To illustrate this, consider the following chart. It contrasts the traditional replacement view of the Torah Gospel relationship with my understanding of the relationship. As can be clearly seen, the present time is an overlap in which the New Covenant is emerging and the Old Covenant is in preparation for completion. The second coming and earthly reign of the Messiah will fulfill all things and then, according to Revelation 20, the heavens and earth will pass away and the new heaven, earth and Jerusalem will be put in effect.
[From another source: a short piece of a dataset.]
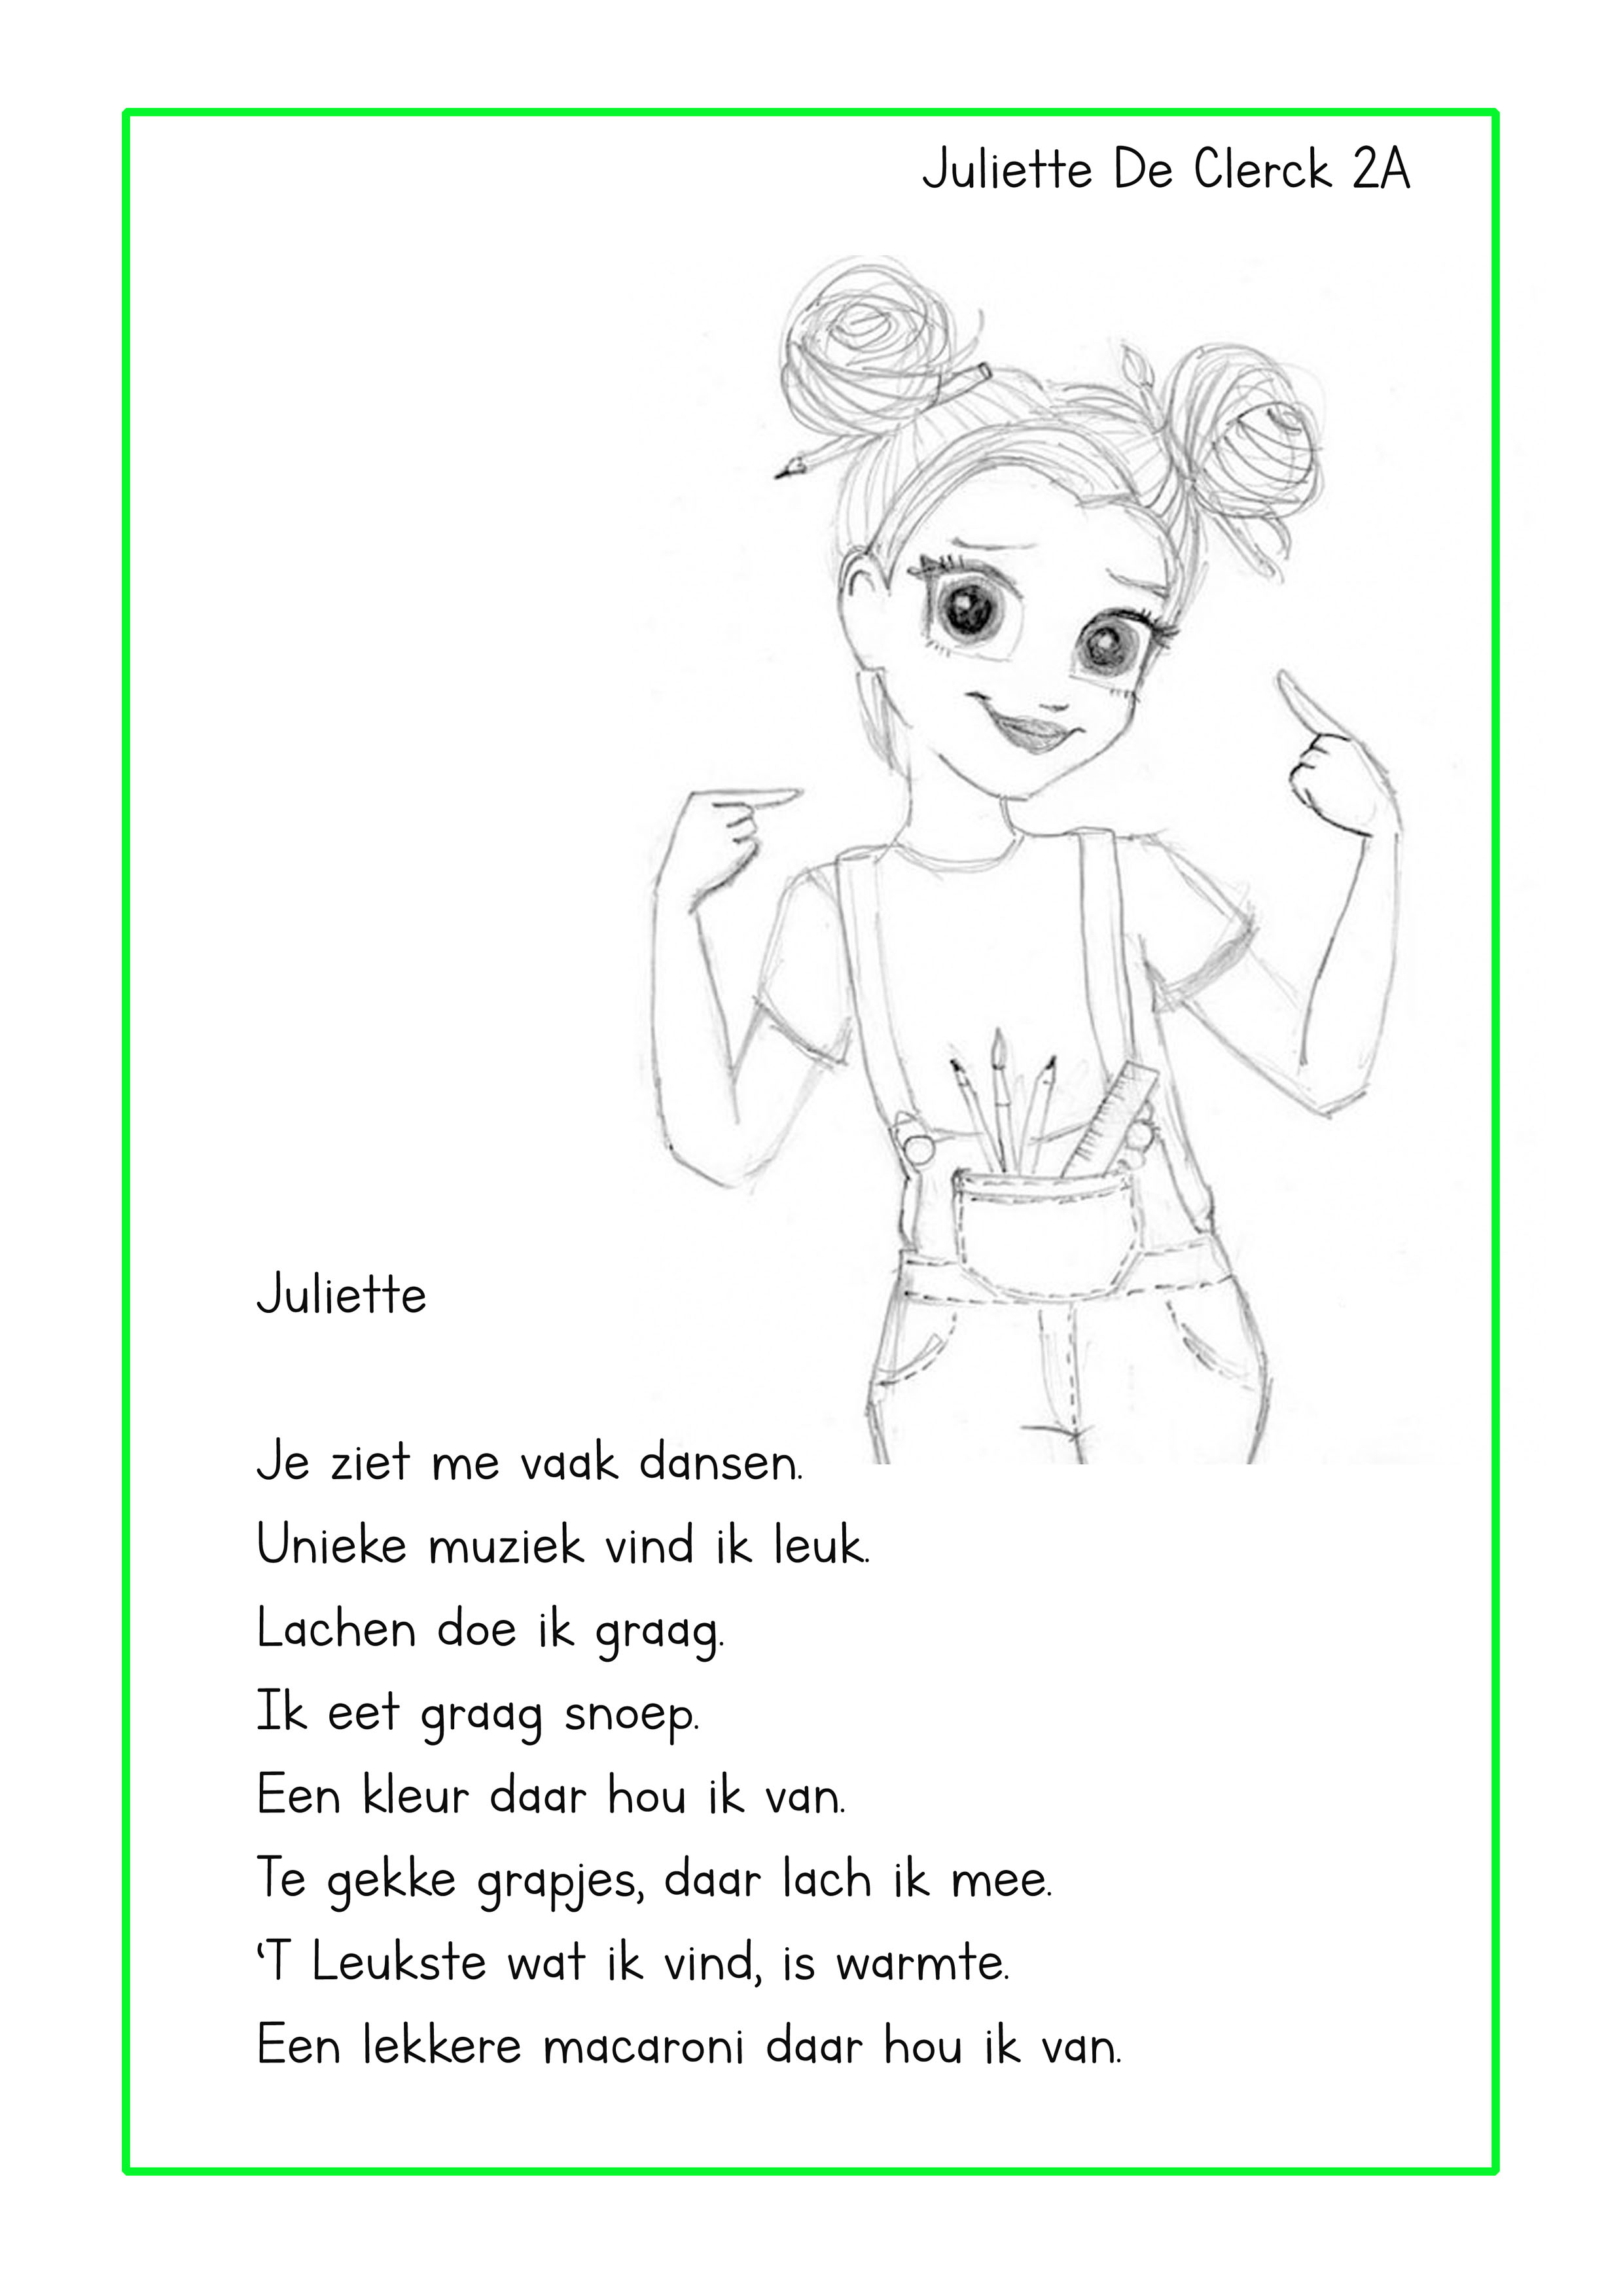 juliette-De-Clerck-2A-A4

At this point the Torah will have accomplished all that it was intended to do and the need for obedient righteousness based on Law will be replaced with the perfection of all things being new.

The implications for this model of understanding the relationship of the Torah and Gospel are far reaching and cannot be fully discussed here. But some points can be made. The fact that the Gospel and the Torah overlap means that the Church has to rethink its relationship with Israel and with Judaism. Also, the issue of how the Torah is to be understood, obeyed, and incorporated into Christianity must be addressed. This will be the subject of the next Disciple Newsletter. The idea that a righteousness based on obedience to the commandments is compatible with, and not contrary to salvation by grace must be rethought so as to avoid the extremes of legalism and Judaizing of Gentiles as threatened in the early Christian community, and the opposite extremes of lawlessness, anti-Semitism, and assimilation of Jews into a Gentile Christianity as the distinct pattern of the Historical Church shows.

Rather than an immediate replacement, the New Covenant is a renewal and revival of the promises made by God to Israel and includes the believers from among the nations (Gentiles) as joint heirs of those promises to Abraham. Thus Jew and Gentile are all blessed in Abraham as God promised. Our inheritance as believers, whether Jew or Gentile is to be found divided and confused in our parent religions of Christianity and Judaism. As Children of that tragic divorce we must re-establish our identity with those parents to glean from them our heritage. And we must sort through the historic syncretism and walls of separation established by each of them to understand who we are as Jews and Gentiles united by One God, one faith, and one body.